Coding requires that we make decisions all the time, ranging from the small (what should I call this variable) to the large (what framework should I use). While sometimes the information we base our answers on is certain data (the data we are given will never be null), more often we need to make come up with an answer based on uncertain data (what SLA should we advertise for our system based on what we know of the SLA for all the various components of the system).  Coming up with answers for the latter type of questions may seem daunting, however it may not be so impossible given that there is there is a whole branch of mathematics that deals with situations like this, namely probability.

To move this away from the abstract, let's suppose you've just started work at the Corporate Cthulhu Containment Center and you are put in charge of making improvements to the alerting system.

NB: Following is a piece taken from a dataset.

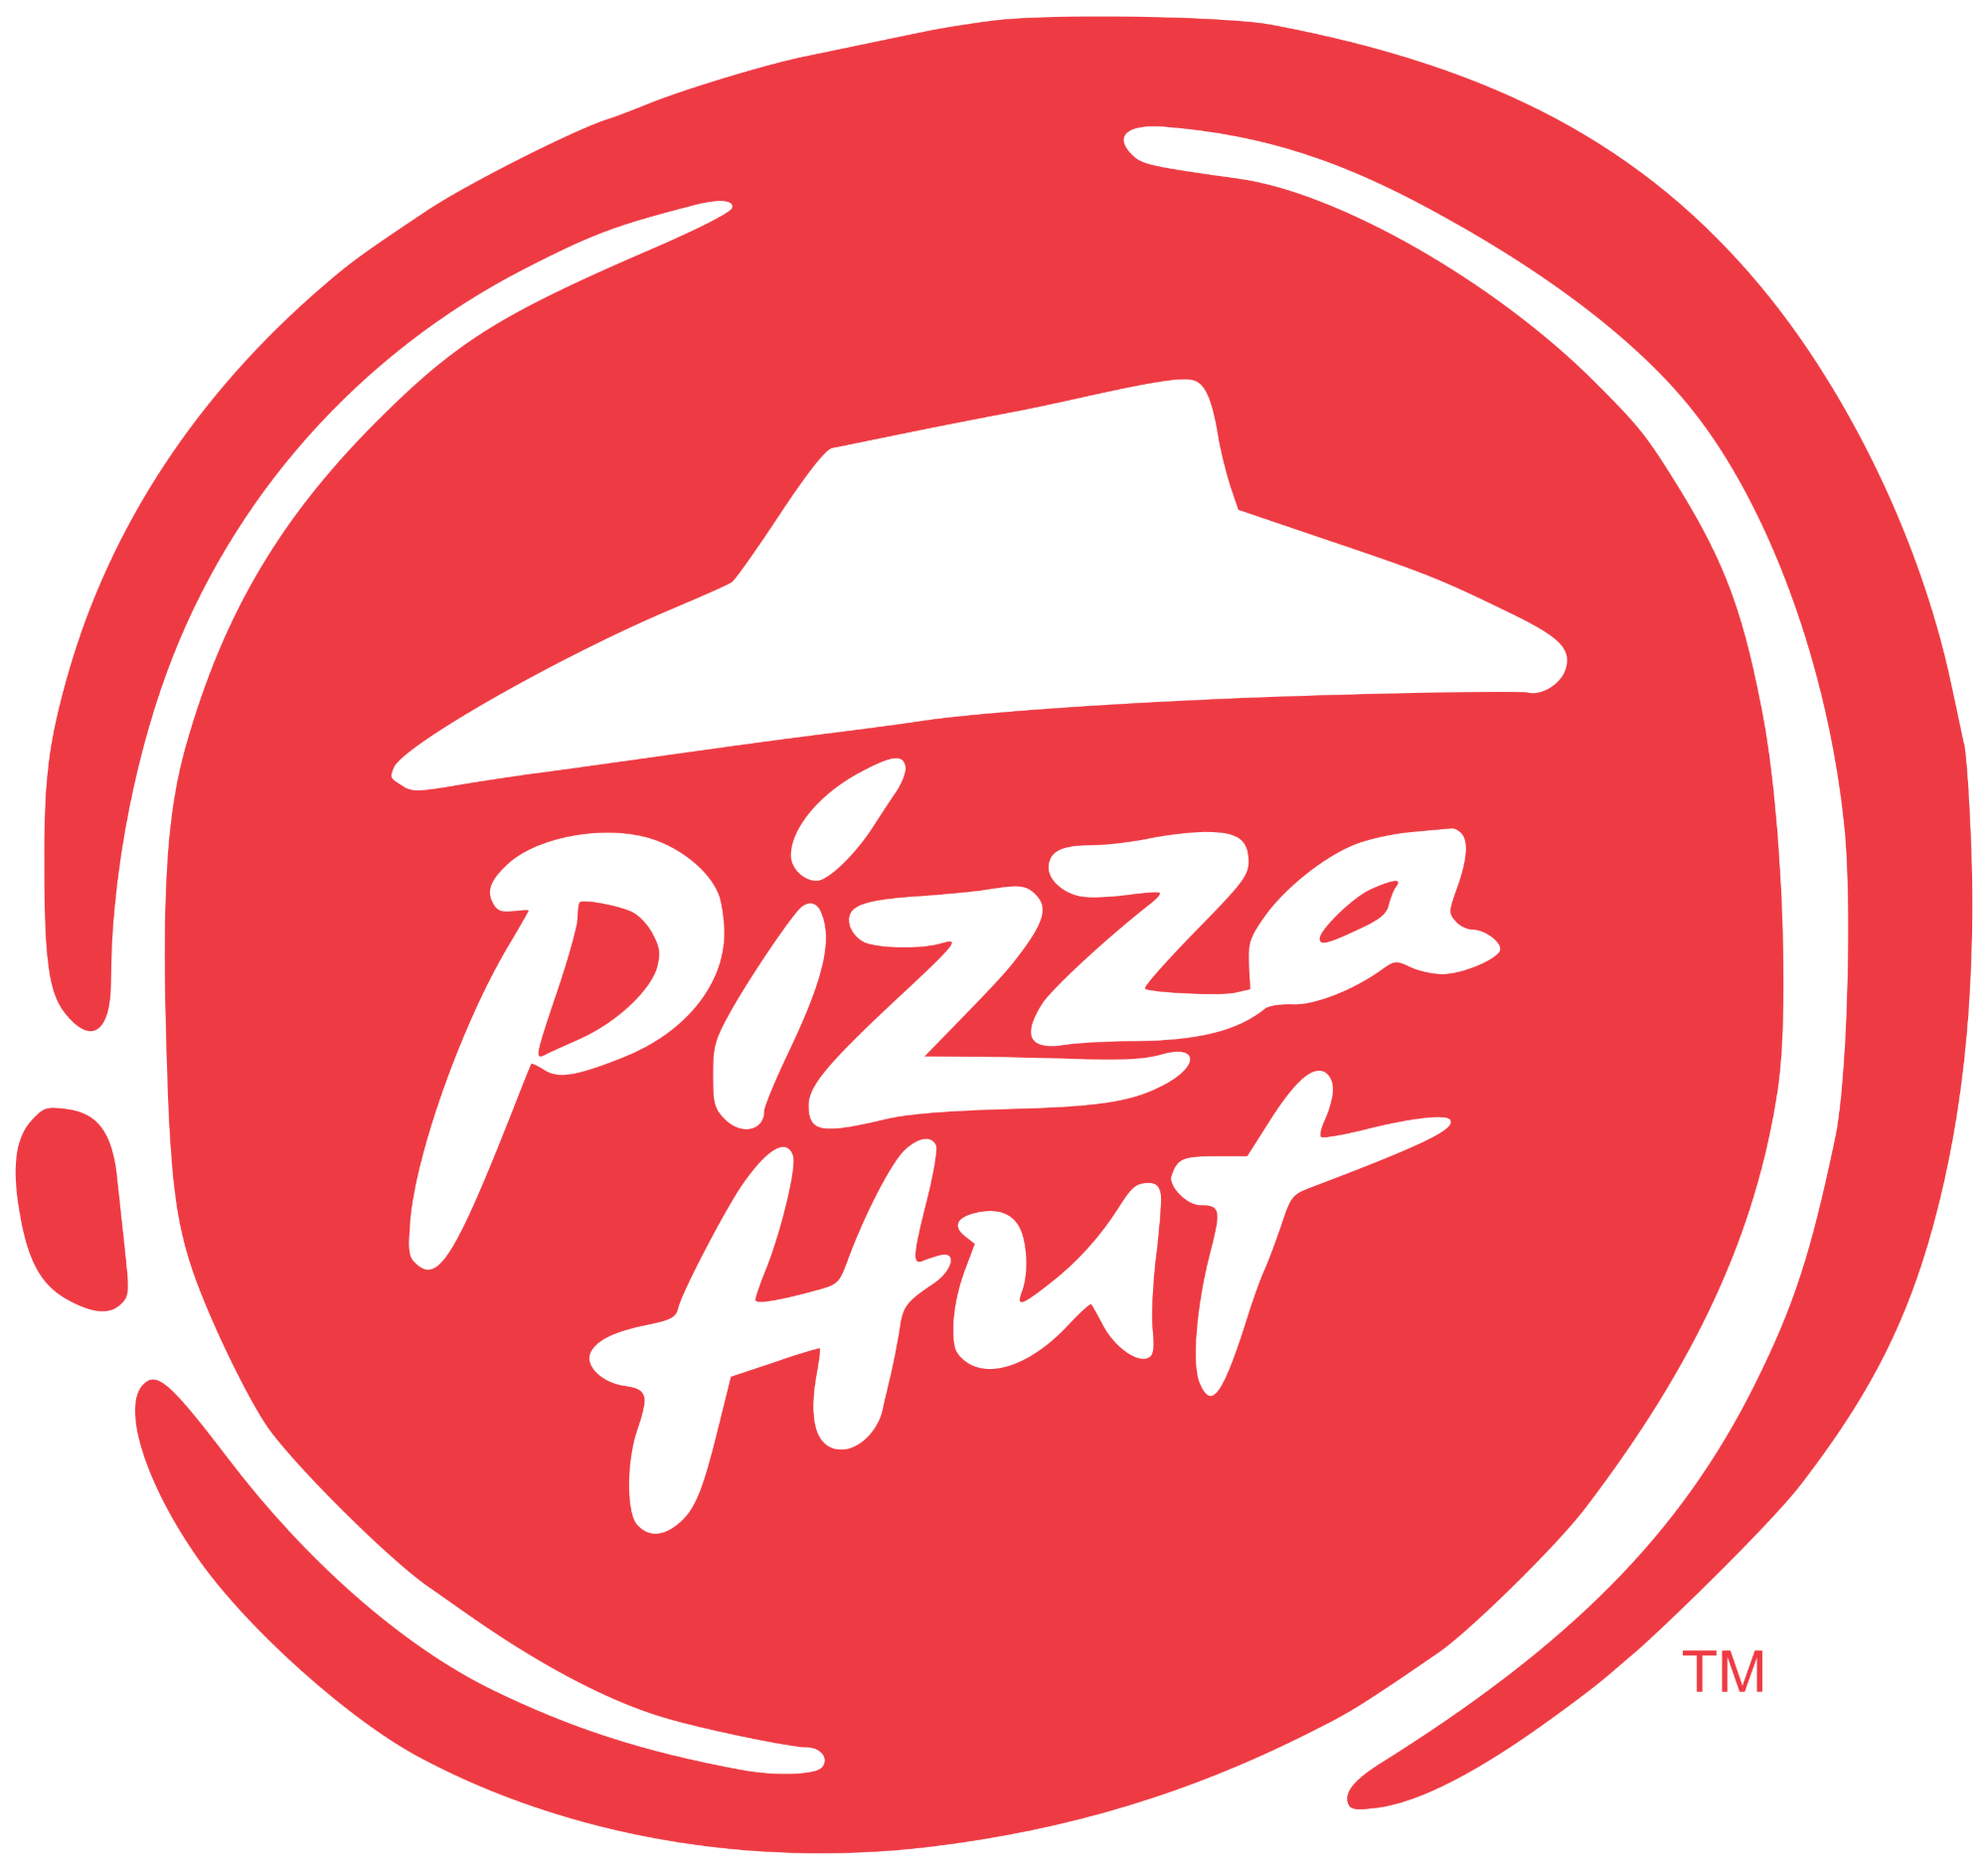 Pizza Hut Logo Png Download -

When you ask about the system, you are told it's required due to the incredible job that the Center has done with logging and reporting when errors occur in their various sub-systems.  It turns out that 99% of these errors are minor and can wait for action (e.g., the hot water has quit working in Cultist cell 42), yet the remaining 1% need immediate response (e.g., the Cthonian force field is failing). So system was put in place in order to only alert people when a critical event happens. The center is proud of this system, stating that
  • 99% of the time a critical event occurs, an alert is created (i.e. filtering is highly sensitive).
  • 99% of the time a non critical event occurs, no alert is created (i.e. the filtering also has high specificity).
However, the on call people who respond to the alerts feel like too many of the things they investigate are not critical and would like to see the system improved. Your first job is to answer the following question:
  • When an alert occurs, what is the likelihood that it was caused by a critical error?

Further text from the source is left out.